Royal Italian Army infantry division during World War II

The 227th Coastal Division (227ª Divisione Costiera) was an infantry division of the Royal Italian Army during World War II. Royal Italian Army coastal divisions were second line divisions formed with reservists and equipped with second rate materiel. They were often commanded by officers called out of retirement.

== History ==
The division was activated on 20 April 1943 in Cosenza by expanding the XI Coastal Brigade. The division was assigned to XXXI Army Corps and had its headquarter in Castrovillari. The division was responsible for the coastal defense of the coast of eastern Calabria: on the Tyrrhenian Sea side from Serra d'Aiello to the river Noce at Castrocucco, on the Ionian Sea side from Sant'Angelo to Nova Siri.

After the Armistice of Cassibile was announced on 8 September 1943 the division refused German demands to surrender and waited for the arrival of the British XIII Corps, which was moving up Calabria after having landed in mainland Italy in Operation Baytown. The 227th Coastal Division surrendered to the British forces and then joined the Italian Co-belligerent Army. For the rest of the Italian campaign the division performed rear area security and work duties as 227th Division for the British Eighth Army.
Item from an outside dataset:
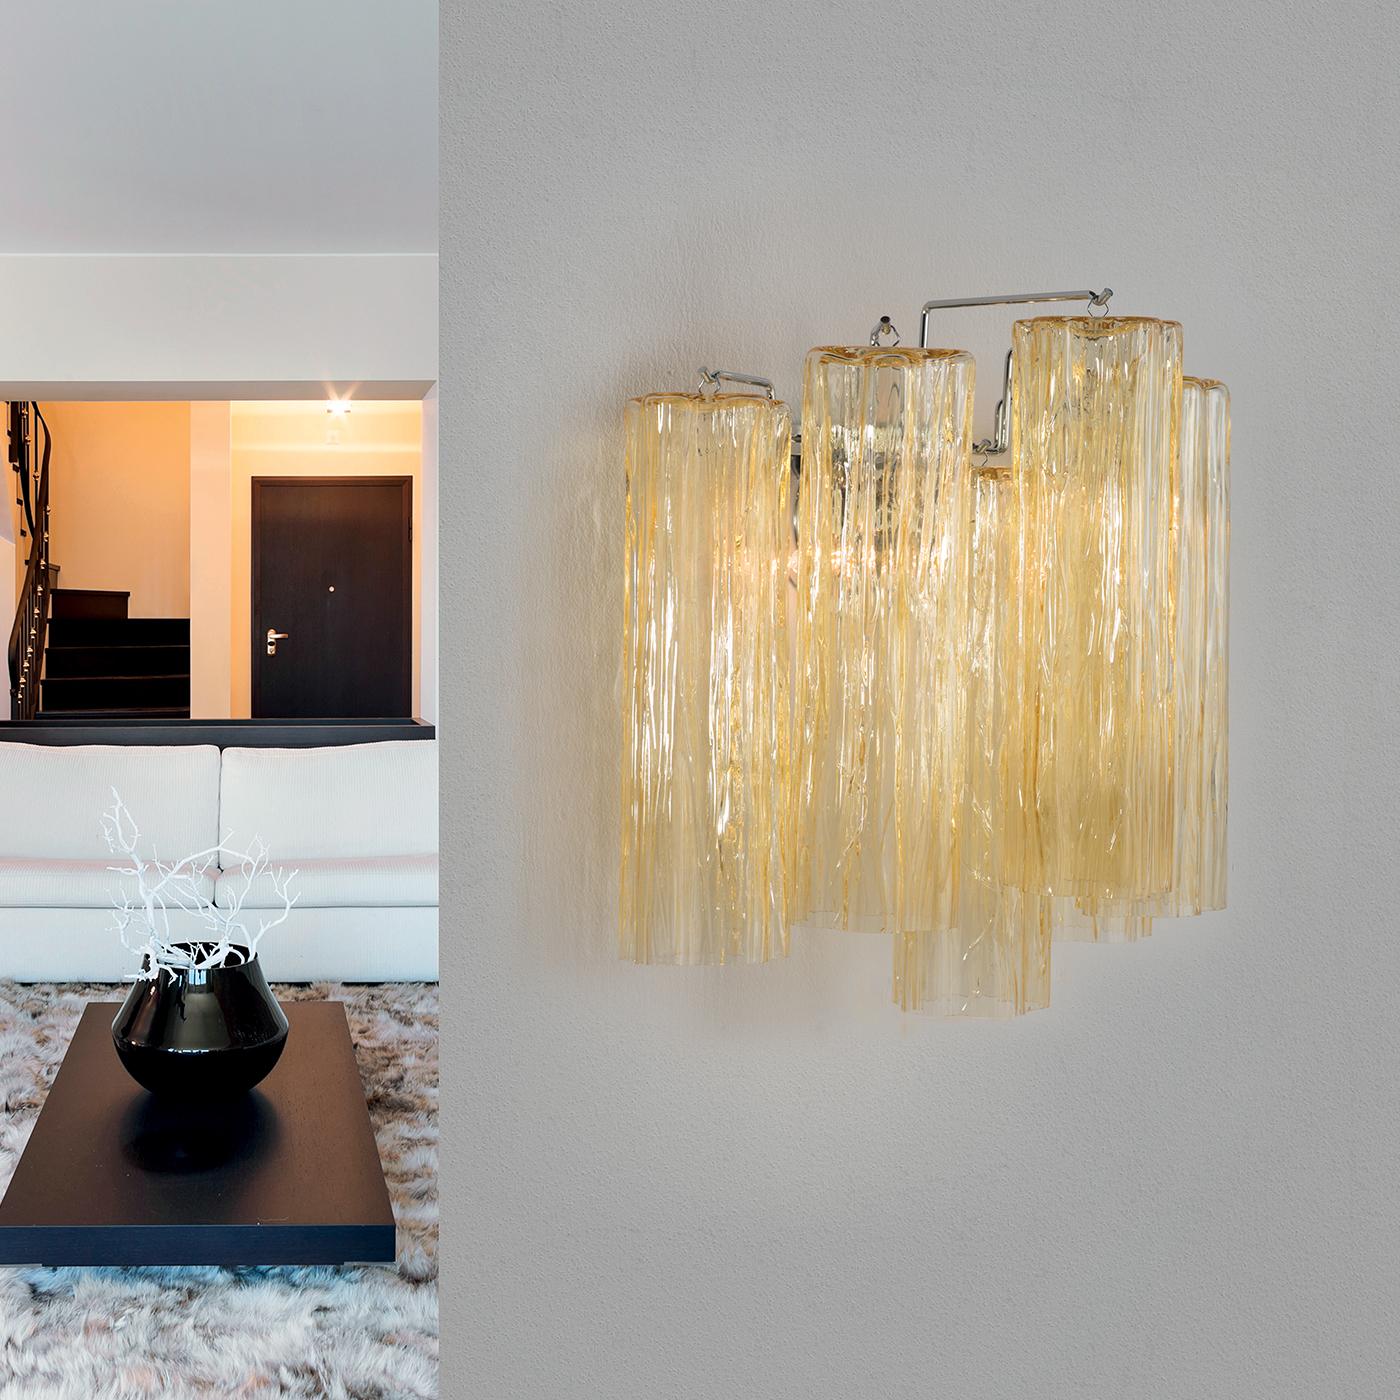 Crafted in clear hammered glass with the main structure in a chrome or 24-karat gold finish, this beautiful lighting fixture features an amazing and luxurious design of hollow tubes in varying lengths cascading down. This incredible Wall Lamp offers

The division was disbanded at in autumn 1945.

== Organization 1943 ==
- 227th Coastal Division, in Castrovillari
  - 141st Coastal Regiment
    - 4x Coastal battalions
  - 145th Coastal Regiment
    - 3x Coastal battalions
  - 1st Mixed Engineer Company
  - 450th Anti-paratroopers Unit
  - 227th Carabinieri Section
  - 186th Field Post Office
  - Division Services

== Commanding officers ==
The division's commanding officers were:

- Generale di Brigata Luigi Chatrian (20 April 1943 - ?)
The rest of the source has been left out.